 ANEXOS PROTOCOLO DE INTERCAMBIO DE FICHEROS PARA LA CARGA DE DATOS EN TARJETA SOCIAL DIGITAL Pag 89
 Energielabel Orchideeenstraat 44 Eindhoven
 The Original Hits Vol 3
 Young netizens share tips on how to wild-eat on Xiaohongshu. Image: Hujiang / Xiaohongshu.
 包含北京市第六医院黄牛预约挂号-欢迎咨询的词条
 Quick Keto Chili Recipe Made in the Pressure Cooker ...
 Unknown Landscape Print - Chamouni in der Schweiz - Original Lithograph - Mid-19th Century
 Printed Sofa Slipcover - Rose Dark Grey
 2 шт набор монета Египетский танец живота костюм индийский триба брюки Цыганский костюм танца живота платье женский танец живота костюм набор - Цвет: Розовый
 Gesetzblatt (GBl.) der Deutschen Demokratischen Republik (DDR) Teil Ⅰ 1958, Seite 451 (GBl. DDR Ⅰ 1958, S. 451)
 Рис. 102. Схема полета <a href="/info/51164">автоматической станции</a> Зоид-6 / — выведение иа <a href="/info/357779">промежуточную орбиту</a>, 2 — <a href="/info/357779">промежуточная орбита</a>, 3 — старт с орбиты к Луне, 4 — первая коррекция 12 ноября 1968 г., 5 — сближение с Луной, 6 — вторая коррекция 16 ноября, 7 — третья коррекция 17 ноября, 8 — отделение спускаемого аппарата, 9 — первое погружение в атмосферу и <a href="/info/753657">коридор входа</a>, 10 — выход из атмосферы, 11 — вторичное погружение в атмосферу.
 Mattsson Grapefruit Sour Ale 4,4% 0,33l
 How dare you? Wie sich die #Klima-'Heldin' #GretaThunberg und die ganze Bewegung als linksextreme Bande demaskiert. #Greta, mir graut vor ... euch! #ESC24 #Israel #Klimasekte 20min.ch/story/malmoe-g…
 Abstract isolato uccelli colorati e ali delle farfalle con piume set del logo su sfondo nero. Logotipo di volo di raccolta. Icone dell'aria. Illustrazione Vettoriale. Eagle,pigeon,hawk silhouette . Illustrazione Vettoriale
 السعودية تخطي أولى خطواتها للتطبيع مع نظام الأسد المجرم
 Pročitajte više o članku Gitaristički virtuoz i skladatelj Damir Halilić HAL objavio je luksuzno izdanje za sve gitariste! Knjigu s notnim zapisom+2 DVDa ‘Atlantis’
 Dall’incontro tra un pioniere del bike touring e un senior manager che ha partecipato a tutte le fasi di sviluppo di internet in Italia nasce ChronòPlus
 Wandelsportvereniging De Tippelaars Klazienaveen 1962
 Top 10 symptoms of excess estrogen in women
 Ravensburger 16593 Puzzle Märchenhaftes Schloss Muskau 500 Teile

**WHAT TO WORK ON:** Above are some records; repeat all of them exactly.

**ANSWER TO THIS TASK:**
 ANEXOS PROTOCOLO DE INTERCAMBIO DE FICHEROS PARA LA CARGA DE DATOS EN TARJETA SOCIAL DIGITAL Pag 89
 Energielabel Orchideeenstraat 44 Eindhoven
 The Original Hits Vol 3
 Young netizens share tips on how to wild-eat on Xiaohongshu. Image: Hujiang / Xiaohongshu.
 包含北京市第六医院黄牛预约挂号-欢迎咨询的词条
 Quick Keto Chili Recipe Made in the Pressure Cooker ...
 Unknown Landscape Print - Chamouni in der Schweiz - Original Lithograph - Mid-19th Century
 Printed Sofa Slipcover - Rose Dark Grey
 2 шт набор монета Египетский танец живота костюм индийский триба брюки Цыганский костюм танца живота платье женский танец живота костюм набор - Цвет: Розовый
 Gesetzblatt (GBl.) der Deutschen Demokratischen Republik (DDR) Teil Ⅰ 1958, Seite 451 (GBl. DDR Ⅰ 1958, S. 451)
 Рис. 102. Схема полета <a href="/info/51164">автоматической станции</a> Зоид-6 / — выведение иа <a href="/info/357779">промежуточную орбиту</a>, 2 — <a href="/info/357779">промежуточная орбита</a>, 3 — старт с орбиты к Луне, 4 — первая коррекция 12 ноября 1968 г., 5 — сближение с Луной, 6 — вторая коррекция 16 ноября, 7 — третья коррекция 17 ноября, 8 — отделение спускаемого аппарата, 9 — первое погружение в атмосферу и <a href="/info/753657">коридор входа</a>, 10 — выход из атмосферы, 11 — вторичное погружение в атмосферу.
 Mattsson Grapefruit Sour Ale 4,4% 0,33l
 How dare you? Wie sich die #Klima-'Heldin' #GretaThunberg und die ganze Bewegung als linksextreme Bande demaskiert. #Greta, mir graut vor ... euch! #ESC24 #Israel #Klimasekte 20min.ch/story/malmoe-g…
 Abstract isolato uccelli colorati e ali delle farfalle con piume set del logo su sfondo nero. Logotipo di volo di raccolta. Icone dell'aria. Illustrazione Vettoriale. Eagle,pigeon,hawk silhouette . Illustrazione Vettoriale
 السعودية تخطي أولى خطواتها للتطبيع مع نظام الأسد المجرم
 Pročitajte više o članku Gitaristički virtuoz i skladatelj Damir Halilić HAL objavio je luksuzno izdanje za sve gitariste! Knjigu s notnim zapisom+2 DVDa ‘Atlantis’
 Dall’incontro tra un pioniere del bike touring e un senior manager che ha partecipato a tutte le fasi di sviluppo di internet in Italia nasce ChronòPlus
 Wandelsportvereniging De Tippelaars Klazienaveen 1962
 Top 10 symptoms of excess estrogen in women
 Ravensburger 16593 Puzzle Märchenhaftes Schloss Muskau 500 Teile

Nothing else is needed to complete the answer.